Короткая перебежка — и вот она, дверь. Из-за неё доносится нечёткий мужской голос. Осторожное нажатие — подаётся! В следующее мгновение, как гром среди ясного неба, требование на немецком:

— Встать! Руки за голову! Ну, собаки!

В левой руке кольцо от взрывателя, в правой — граната. Поднята выше головы, чтоб лучше было видно. Без кровинки в лице двое гитлеровцев в форме рядовых, сидевшие за столом с полевыми телефонами, вмиг выполнили требование; с ужасом переводили взгляды с лимонки одного налетчика на пистолет другого. Стоявший возле Веры гестаповец тоже на несколько секунд оторопел, но тут же схватился за кобуру. Схлопотав рукояткой по темени, рухнул на пол.

Придя в себя (надо сказать, обоих в первую минуту бил-таки колотун), Рудик приказал своим подопечным встать лицом к стене, сунул гранату в карман, вооружившись вместо неё пистолетом напарника. Тем временем Ванько, отложив пистолет гестаповца, занялся Верой. Она была жива и невредима, если не считать кровь из носу и красных от побоев щёк.
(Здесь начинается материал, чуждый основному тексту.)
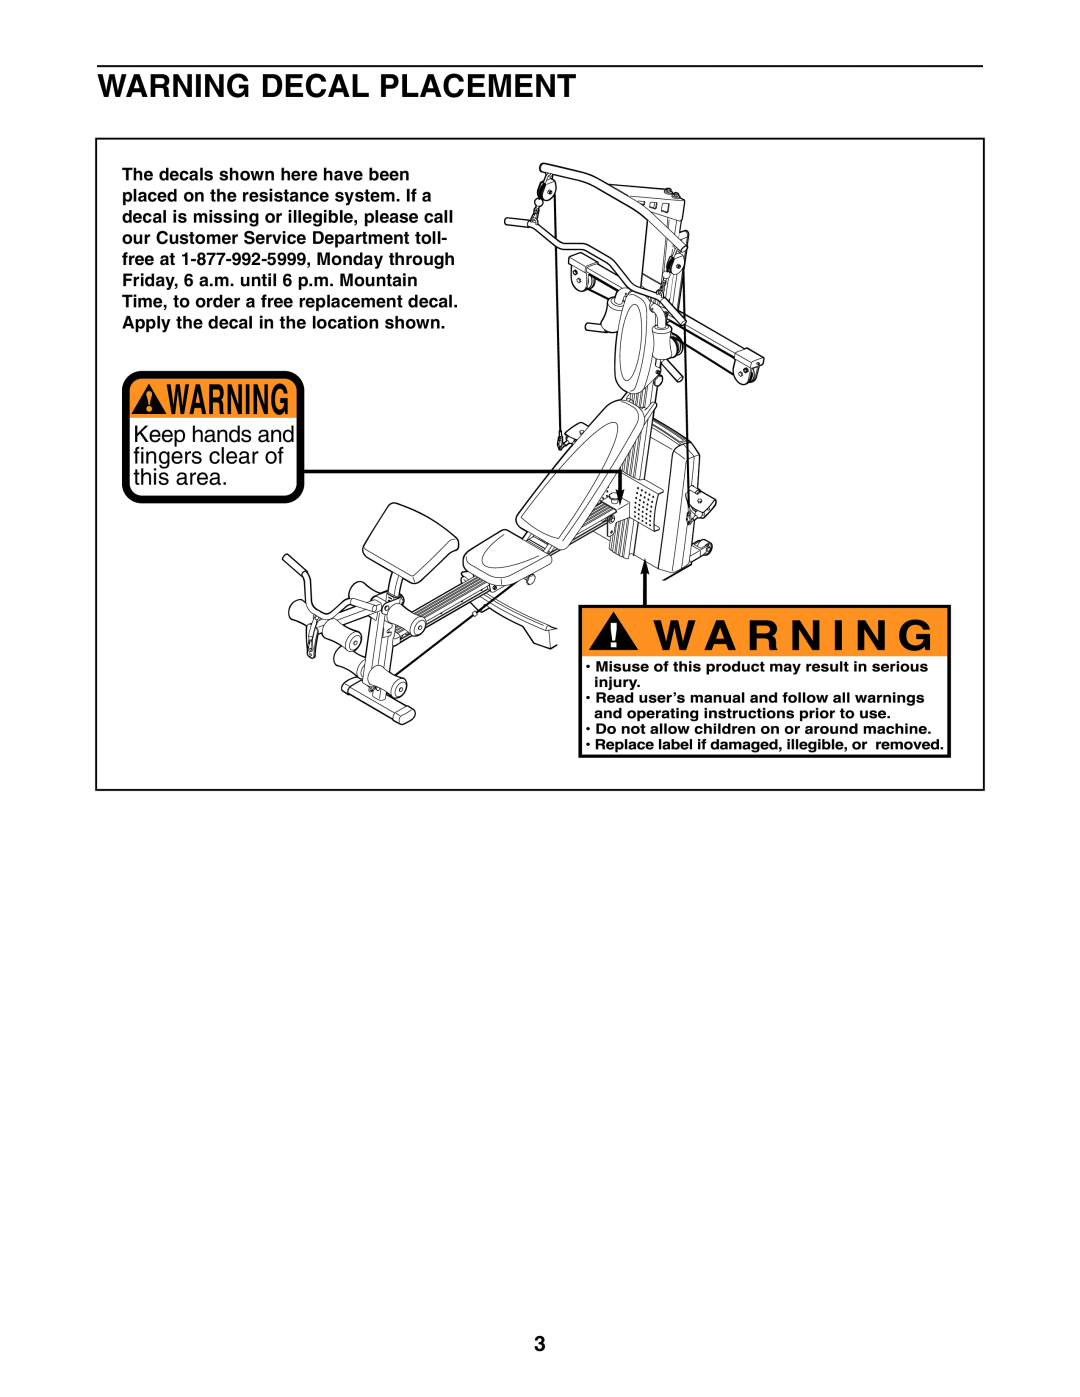 Weider WESY78734 user manual Warning Decal Placement, Keep hands and fingers clear of this area

Появление друзей стало и для неё полной неожиданностью, а радость была столь велика, что она не могла вымолвить ни слова.

— Они тебя не покалечили, идти сможешь? — Ванько торопливо разматывал провод, которым по рукам и ногам туго прикрутили её к стулу.

— Смогу… Как же вы меня нашли?

— Скажешь спасибо Тамаре. Что им от тебя нужно? За что сцапали?

— Из-за мониста… которое мне Борька…

Договорить она не успела, так как гестаповец, очнувшись, сделал попытку подняться. Получив тумака по голове, снова обмяк.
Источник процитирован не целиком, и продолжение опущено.